Also, erstmal vielen dank für die Hilfe,

aber, wie in dem "ISDN" Thread beschrieben, komm ich beim kompilieren des 
Kernels nicht weiter und auch die
Installation der Grafikkartentreiber
macht mir zu schaffen.

Ich habe folgende Dateien gezogen:

NVIDIA_kernel-1.0-4191.tar.gz
NVIDIA_GLX-1.0-4191.tar.gz

Und beide mit rechtsklick entpackt.
Dann habe ich in das Verzeichnis gewechselt und wollte ./configure && make
eingeben, doch leider ging auch dies nicht: Command not found. Hab es ohne / , ohne . und ohne beides gemacht.
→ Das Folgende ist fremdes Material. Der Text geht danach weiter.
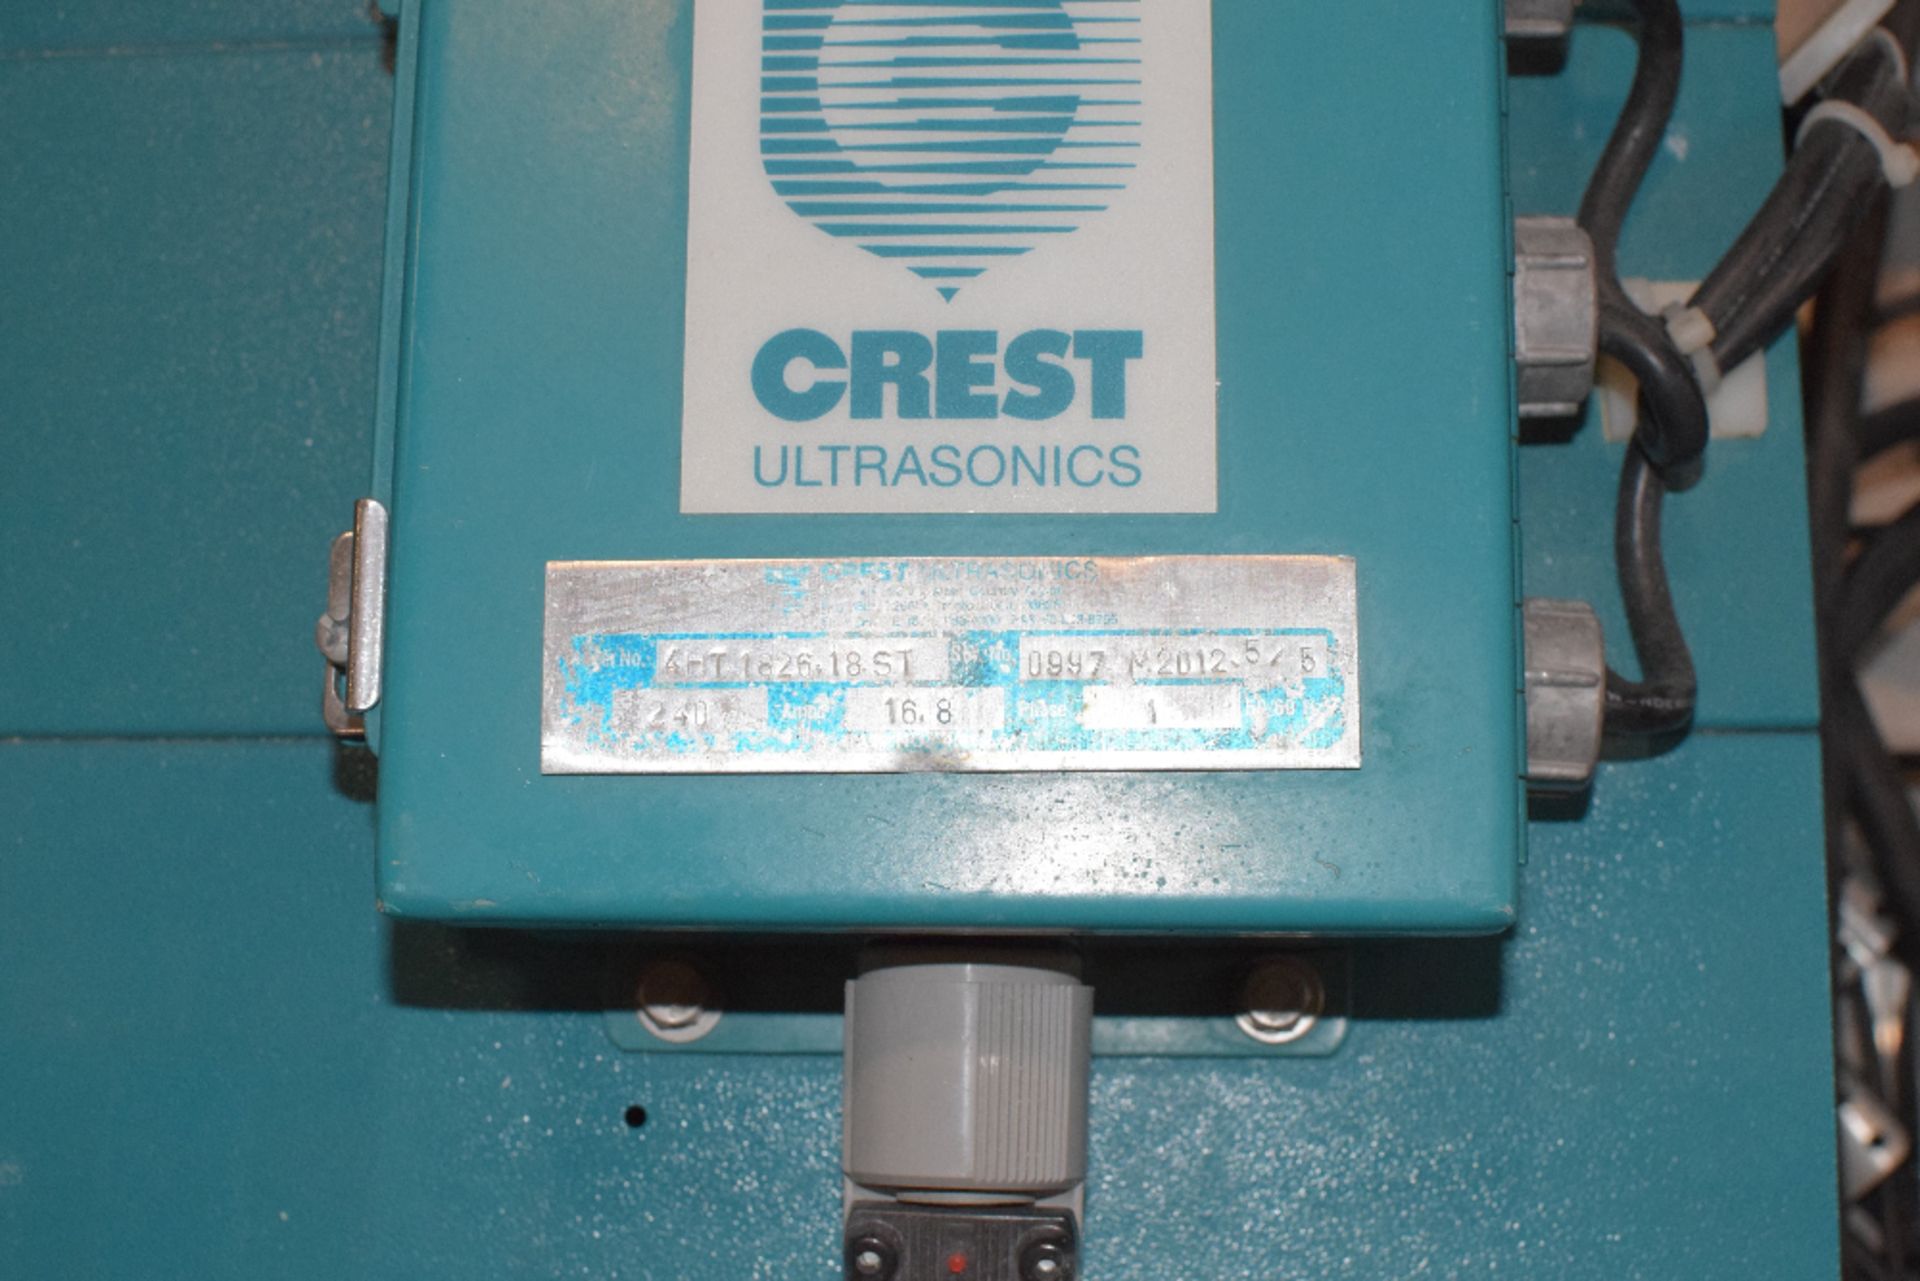 Crest Ultrasonics 4HT1826.18.ST Portable Cleaner - Image 7 of 9
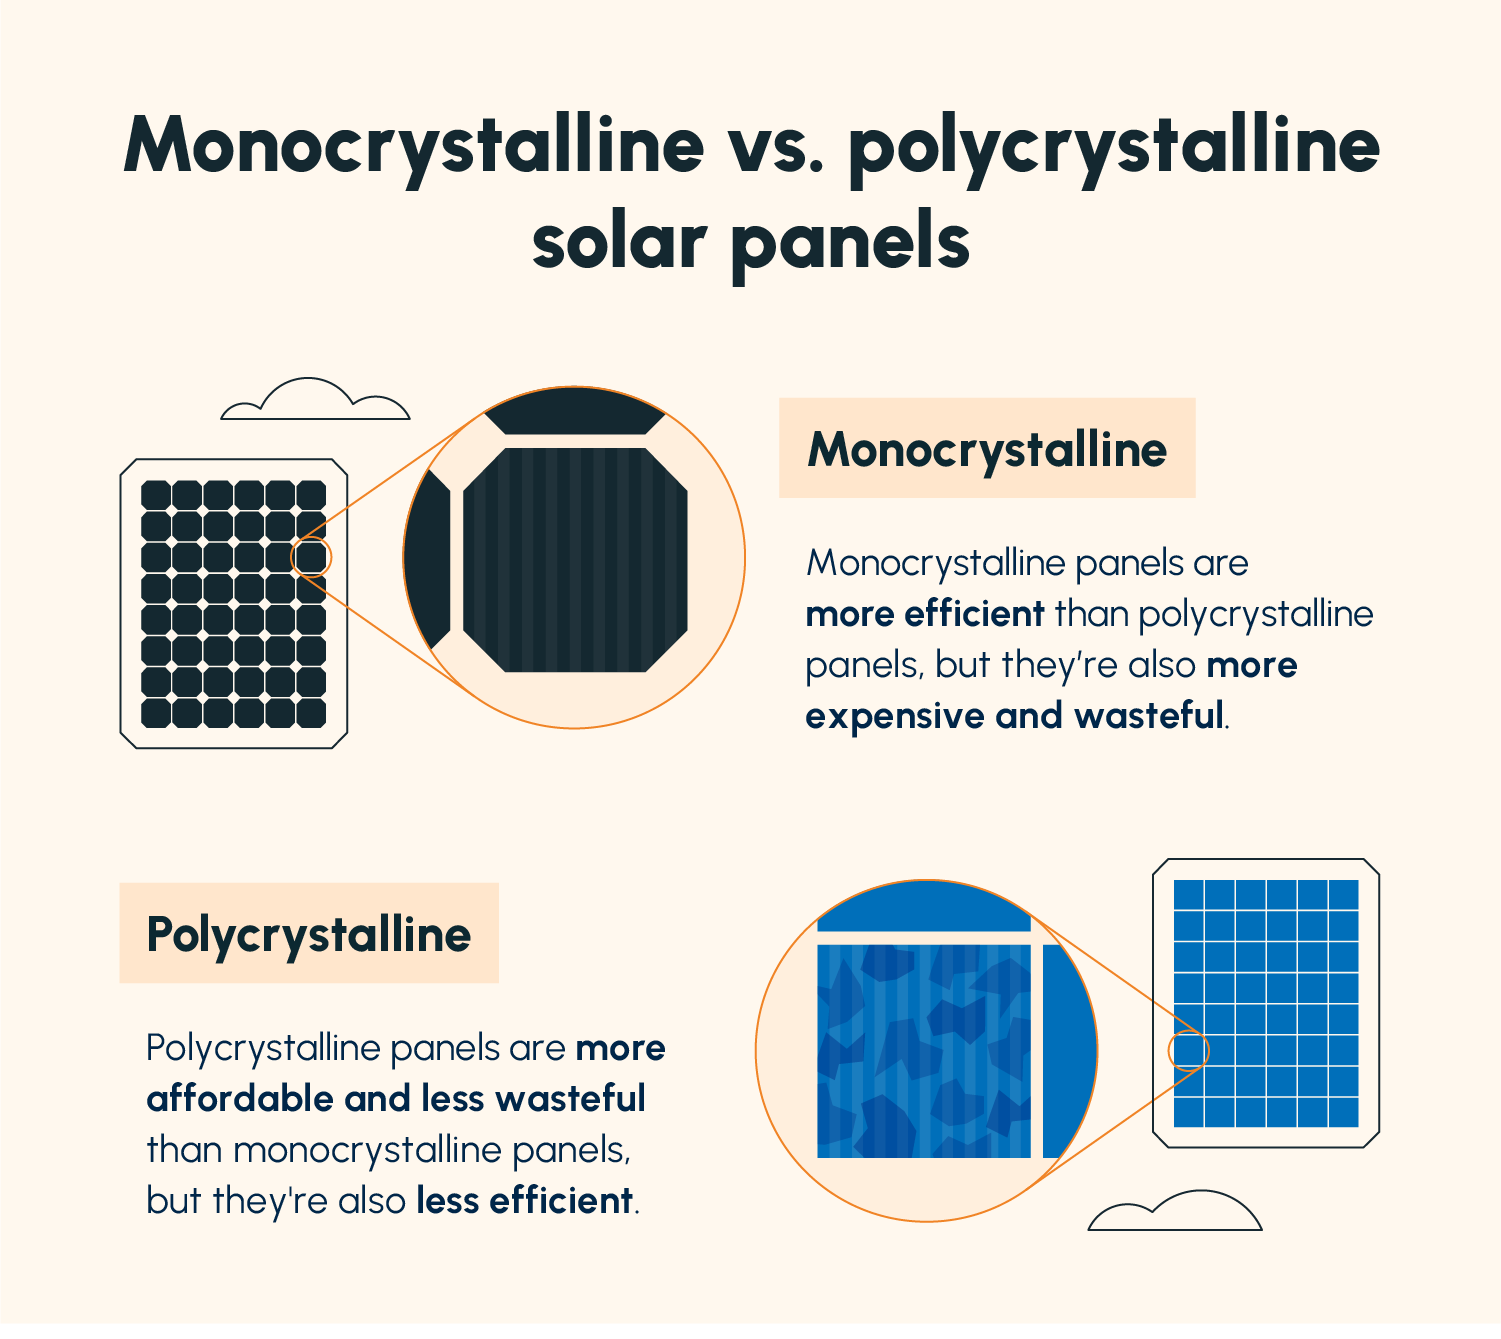  An illustrated comparison of monocrystalline vs. polycrystalline solar panels

Nichts ging.


----------



## JohannesR (9. März 2003)

Also ./configure sollte eigentlich immer gehen, da es ein shell-script ist, ähnlich wie eine .bat-datei. Wenn make nicht geht brauchst du das Paket "make", ka wie man da bei Redhat drankommt.


----------



## blunznwurscht (17. März 2003)

Also bei deinem MP3 Problem kann ich dir helfen( hatte das gleiche Problem).

Red Hat spielt aus Lizensgründen keine MP3's ab. Lösung: Geh auf http://www.freshrpms.com und las dir das mp3 Plugin für xmms runter. Damit gehts.


----------